On se demande souvent ce par quoi les artistes sont motivés. Le ballet de Crystal Pite est bien évidemment joli, il est plaisant d’assister à ces chorégraphies dans lesquelles chaque mouvement est aérien et permet de sentir un tant soit peu l’exercice des lois gravitationnelles. Cependant il manque, à tous ces arts en morceaux, de la légèreté, un brin de simplicité exempt de concepts : il manque un fil tenu et continu, peut-être.

 — Julia VALETTE

Body and Soul: à la quête de dualité 

Après le grand succès de The Seasons’ Canon en 2016, Crystal Pite revient au Palais Garnier avec sa nouvelle création Body and Soul. La chorégraphe canadienne fait ici représenter un ballet en trois actes, avec un entracte et un précipité, et dont la durée totale est d’1h15. 

Très marqués par la dualité, les deux premiers actes s’accompagnent de la voix de Marina Hands et se déroulent dans une alternance duos/ensembles d’où se dégagent les rapports contradictoires entre l’individu et le groupe, entre Figure 1 et Figure 2. D’ailleurs, le contraste entre le noir et le blanc de la décoration, des lumières et des costumes accentue cet effet. La conception de la danse chez Pite pourrait être tout à fois conflits et communication, ou bien une sollicitation éternelle entre la cohésion et la séparation.

Comme dans The Seasons’ Canon, Pite met l’accent sur la continuité et l’harmonie, accomplies par l’enchaînement des mouvements de corps – sans oublier la finesse des petits gestes individuels, issus du balancement des différentes parties du corps, afin de montrer la correspondance et la fluidité de la danse et de la musique. Cependant, l’originalité de Body and Soul tient aux mots simples décrits par Hands : droit, gauche, front, menton, poitrine, genoux… qui indiquent les mouvements des danseurs. Ce sont des mots qui commandent au  Body, à son mouvement, et le mouvement de Body est effectivement celui décrit par “Soul”. On dirait que Body et (and) Soul sont deux éléments essentiels et indissociables de la danse. Tous les deux doivent aller de pair.
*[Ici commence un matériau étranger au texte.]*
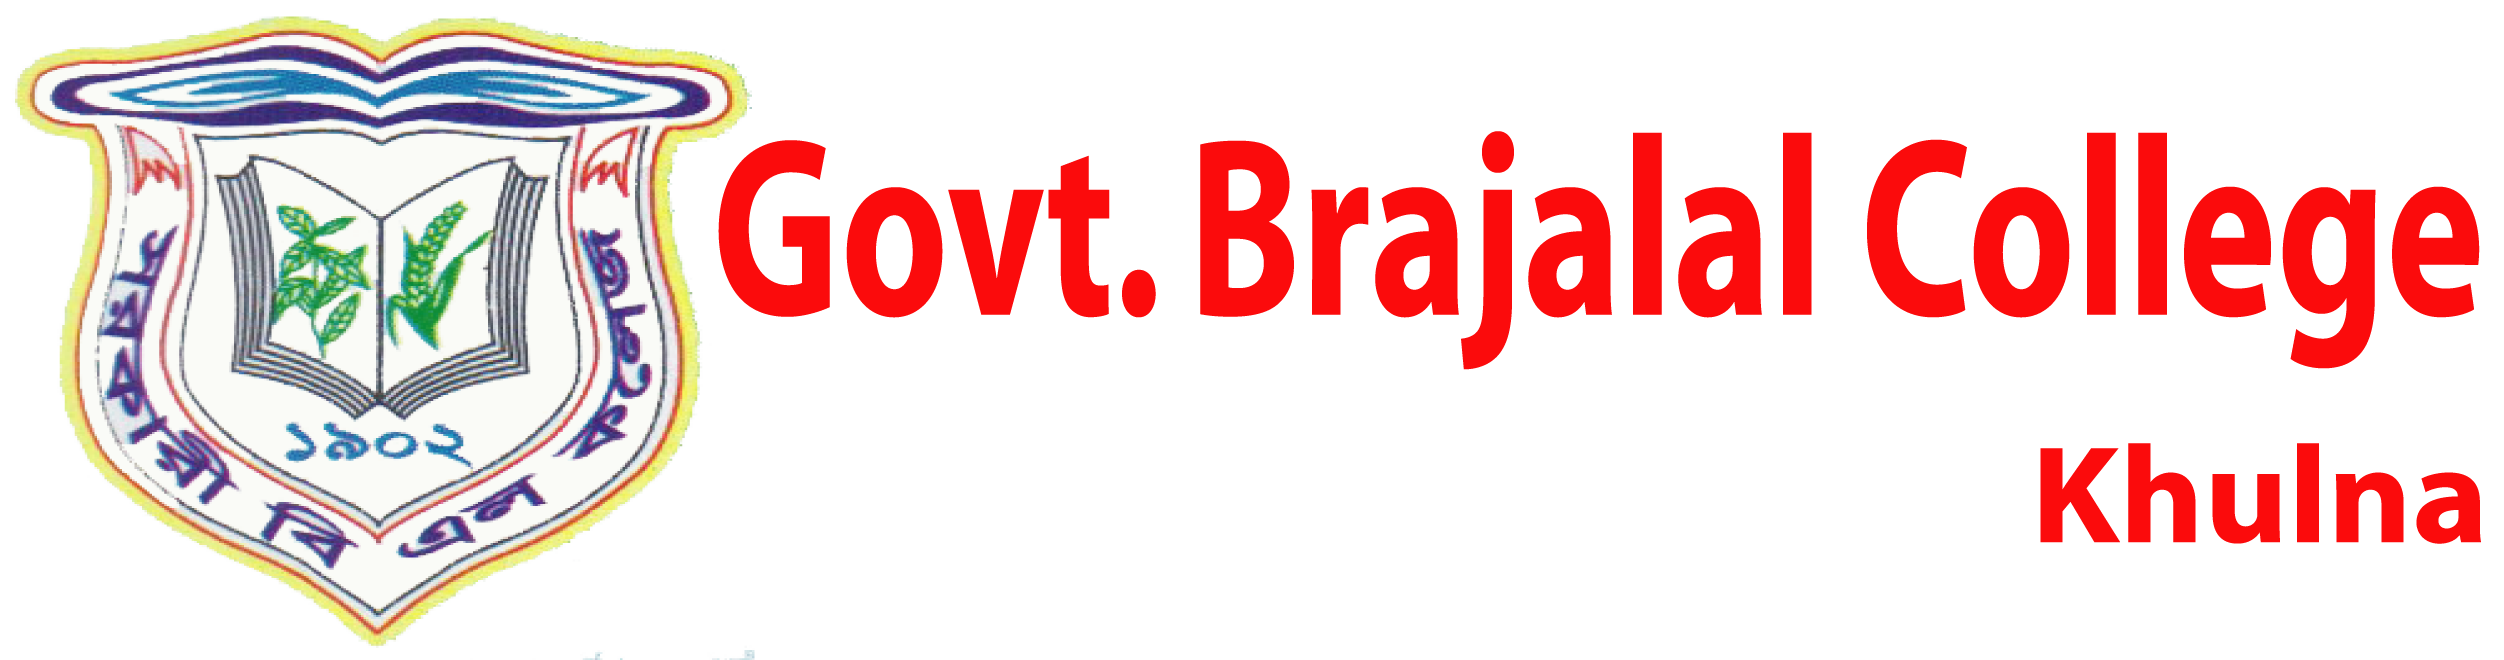 Govt. Brajalal College - Top 10 Govt. College In Bangladesh

En tant qu’oeuvre très structurée, le déroulement des trois actes ne me paraît cependant pas tout à fait cohérent. Par rapport aux deux premiers actes, le troisième acte s’avère très différent, brusque même. Les corps des danseurs sont enveloppés dans des combinaisons métalliques, la danse est assez mécanique et étrange avec des bruits électroniques. Tout cela donne une impression de modernité, là où s’était jusqu’alors tenue l’inspiration néo-classique qui caractérise la danse contemporaine chez Pite. Sur la scène brillante et dorée, les extraterrestres s’amusent dans une ambiance de carnaval. La danse avec des pattes pointues efface les traits humains. Cette partie du ballet s’inscrit sans doute dans l’intention de montrer une certaine animalité – au contraire de l’humanité, qui dispose plutôt d’un plaisir exaltant et sauvage. Ce que Pite cherche dans ces trois actes, c’est, en dépit de manières protéiformes et plus ou moins réussies de représenter, le dualisme existant dans toutes les circonstances et à tous les moments.